- Theatrical release poster
- Directed by: David Butler
- Written by: William M. Conselman Kubec Glasmon Henry Johnson
- Based on: Merry Andrew by Lewis Beach
- Produced by: Sol M. Wurtzel
- Starring: Will Rogers Peggy Wood Mary Carlisle Robert Taylor
- Cinematography: Arthur C. Miller
- Edited by: Irene Morra
- Music by: David Buttolph
- Production company: Fox Film Corporation
- Distributed by: Fox Film Corporation
- Release date: July 27, 1934;
- Running time: 83 minutes
- Country: United States
- Language: English

= Handy Andy (1934 film) =

1934 film by David Butler

Handy Andy is a 1934 American comedy film directed by David Butler and written by William M. Conselman, Kubec Glasmon and Henry Johnson, adapted in turn from the play Merry Andrew by Lewis Beach.
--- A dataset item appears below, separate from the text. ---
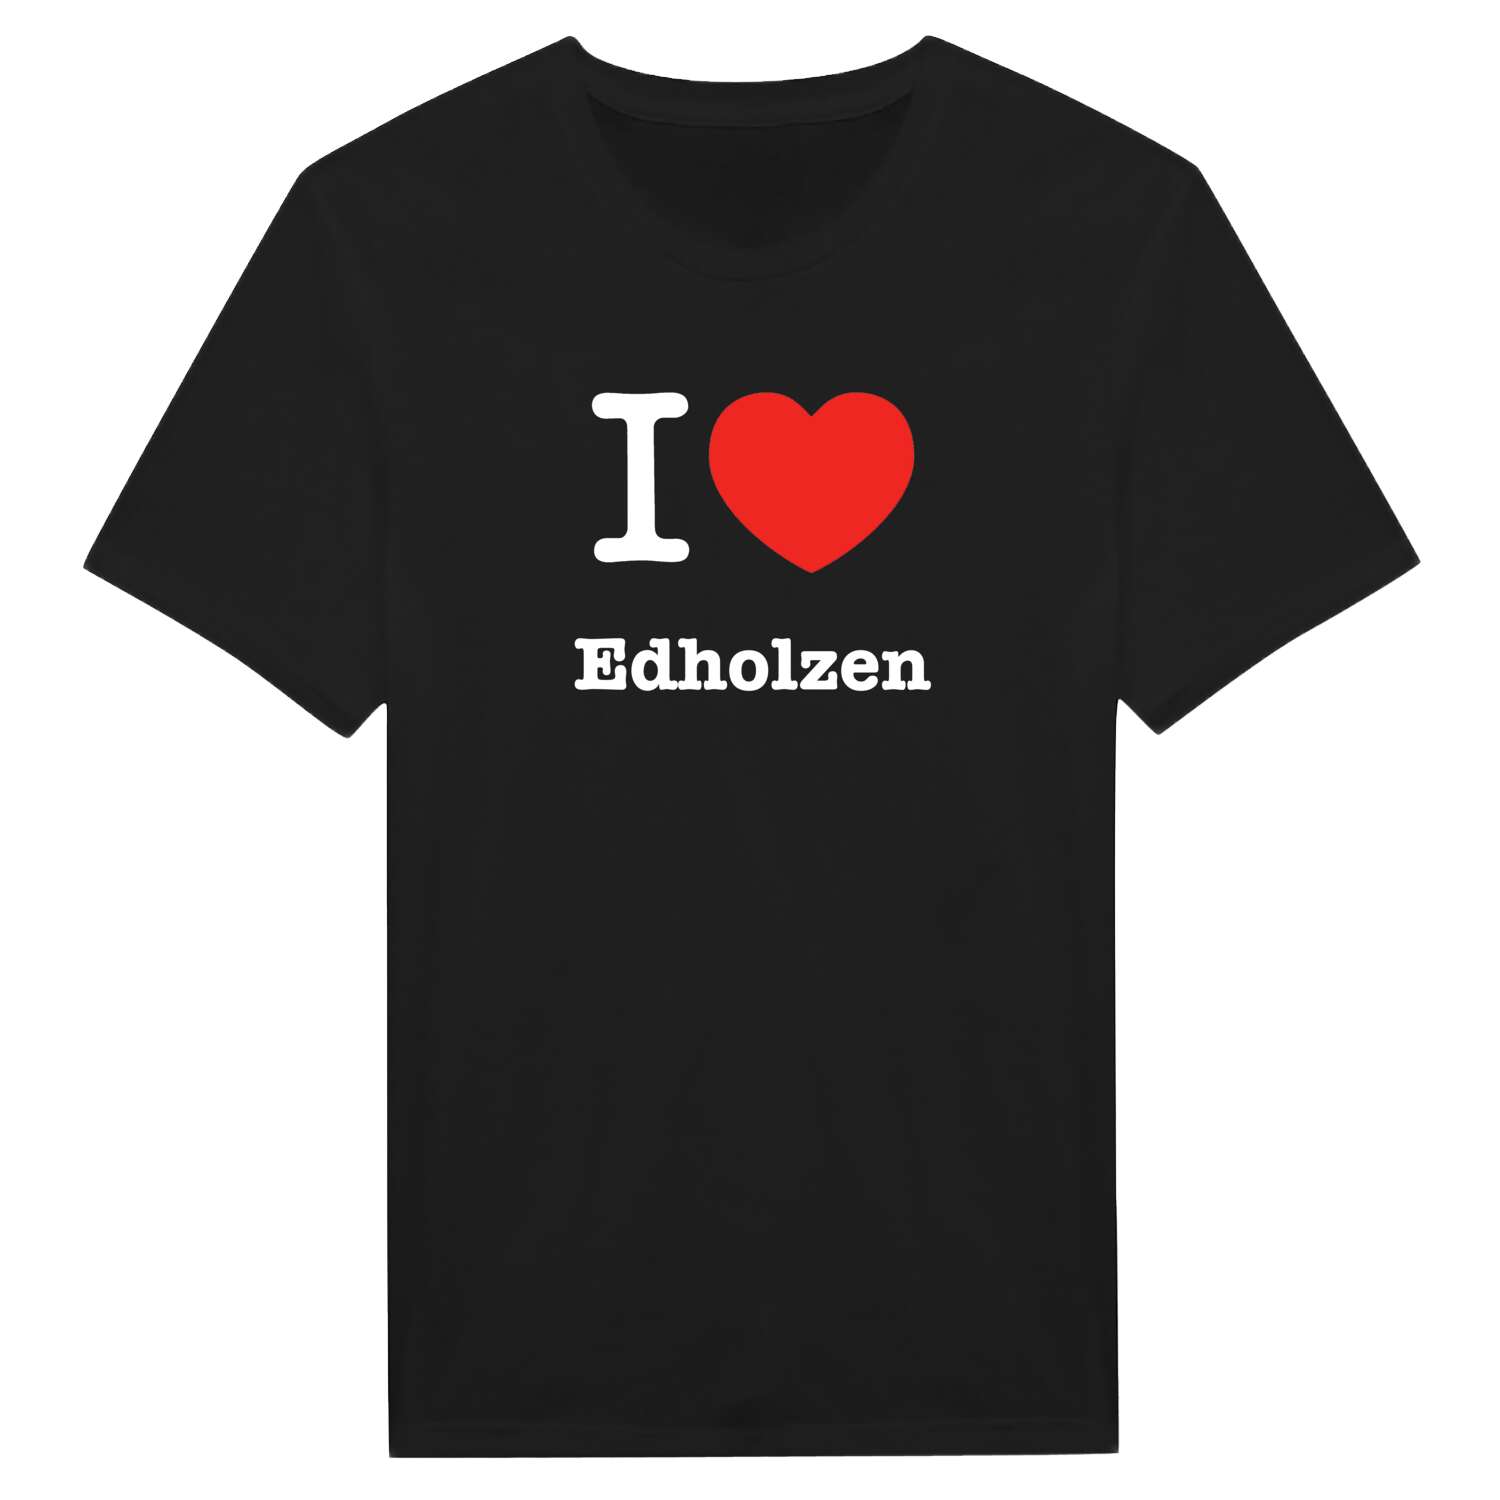 Edholzen T-Shirt »I love«

The film stars Will Rogers, Peggy Wood, Mary Carlisle, Paul Harvey, Frank Melton and Roger Imhof. The film was released on July 27, 1934, by Fox Film Corporation.

==Synopsis==
A small town pharmacist is pressured by his social-climbing wife to sell his business to a much larger chain of shops. In addition she tries to encourage a marriage between their daughter and the son of the tycoon, despite the fact that she is in love with the Lloyd the son of the town physician.

==Cast==
- Will Rogers as Andrew Yates
- Peggy Wood as Ernestine Yates
- Mary Carlisle as Janice Yates
- Paul Harvey as Charlie Norcross
- Frank Melton as Howard Norcross
- Roger Imhof as Doc Burmeister
- Robert Taylor as Lloyd Burmeister
- Grace Goodall as Mattie Norcross
- Jessie Pringle as Jennie
- Conchita Montenegro as Fleurette
- Adrian Rosley as Henri Duval
- Gregory Gaye as Pierre Martel
- Richard Tucker as Mr. Beauregard
- Helen Flint as Mrs. Beauregard

==Reception==
The film was one of Fox's biggest hits of the year.

==Bibliography==
- Solomon, Aubrey. The Fox Film Corporation, 1915-1935: A History and Filmography. McFarland, 2011.